I had only a 100 kms to go for Koteswar. As I was nearing the destination anxiety started building up once again. It always does. You start wondering if anything will happen to spoil the party. It was pitch dark on the lonely road – a flat tyre or a Nilgai in full flight. With these thoughts still exploding in my head I turned into the police station in Narayan Sarovar. They had been informed prior of the need to be in readiness to attest the end of the expedition in Koteswar. With the police team in tow I reached the land’s end at 10.55 pm – had covered 3799 kms in 114 hours and 25 minutes. Besides the time it was the fact that I am the first individual to complete the East-West expedition all alone that gave me the most satisfaction.

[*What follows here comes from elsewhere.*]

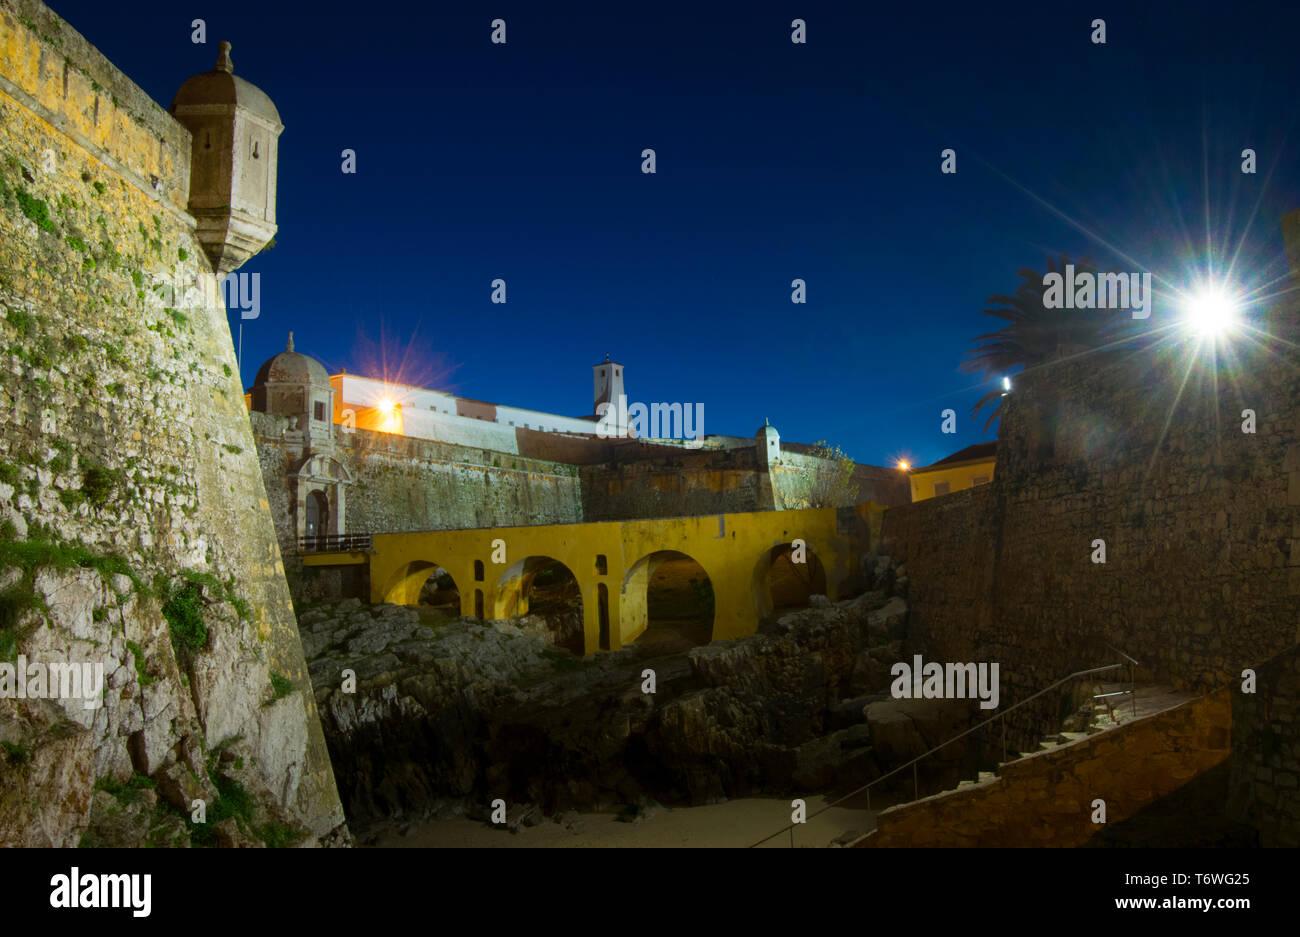 Old Citadel ( Fortaleza ) at night in Peniche Portugal - Stock Image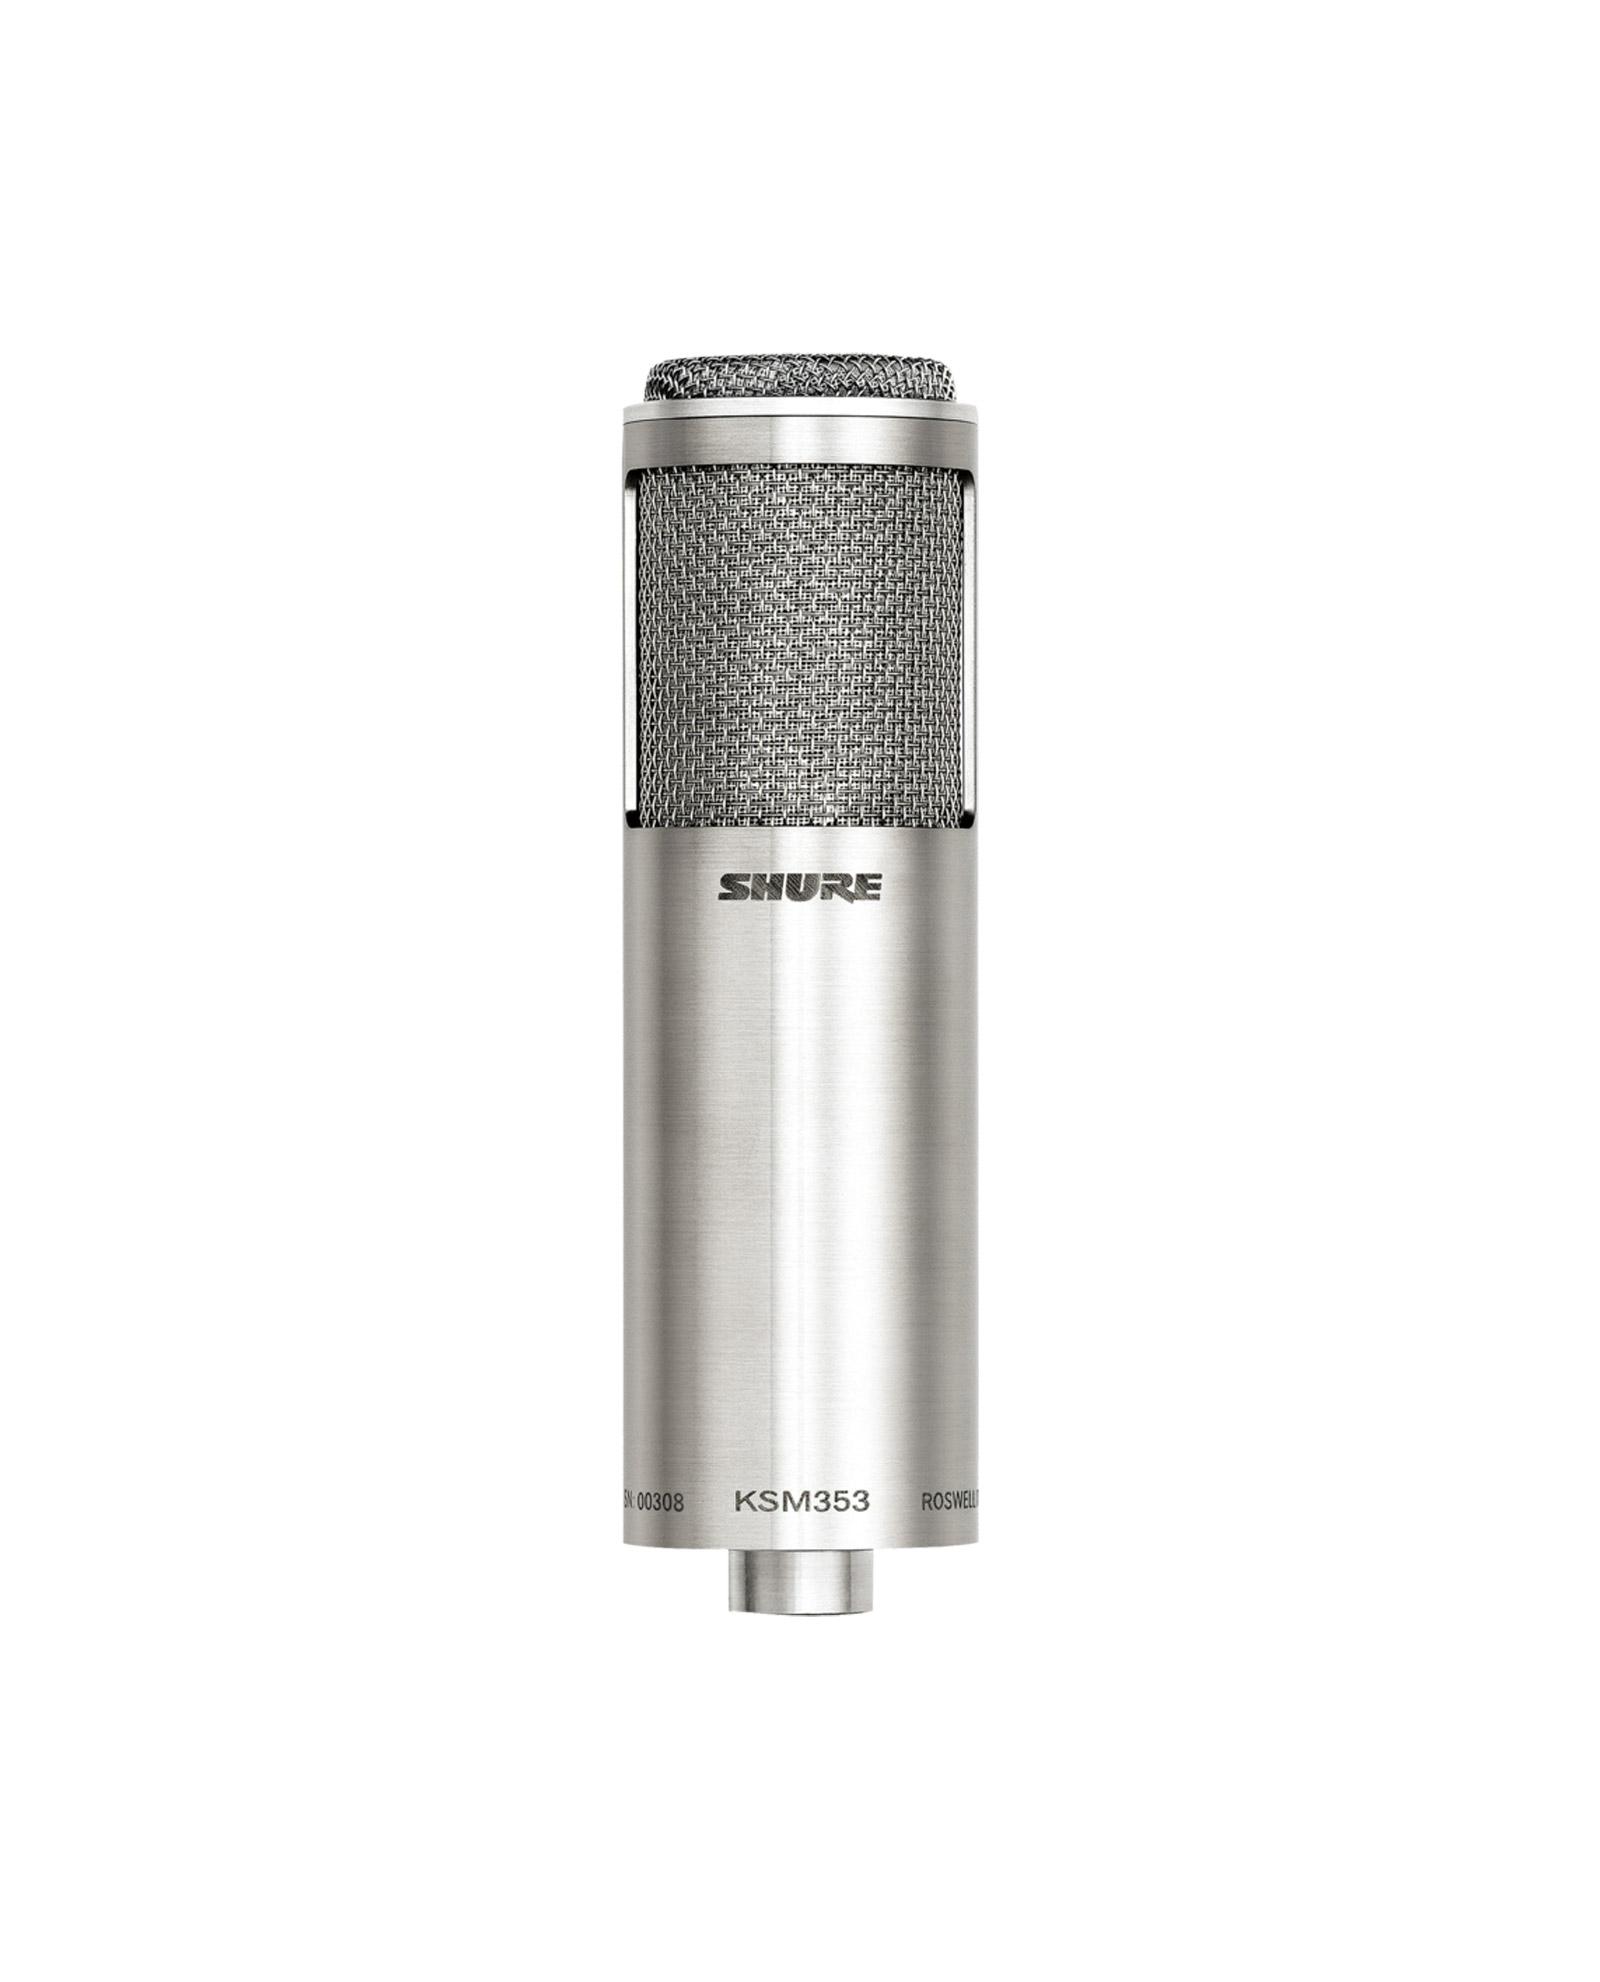 Shure Ksm353 Ed Ribbon Microphone 1

The regular SI was on leave and hence, photography was prohibited by BSF personnel. After the attestation I checked in at the Jain Inn. Thus, Koteswar was where it started – the beginning of the Coastal Expedition – and also where it ended – the East West Expedition. The beginning is the end and the end, the beginning.

Mission Fast track has been successfully completed. I became the first person in India (the World?) to complete the Coastal and the East West Expeditions solo and within the time proposed to LBR. Undertaking the expeditions as a double header did put additional strain, but its ‘conquest’ was immensely fulfilling.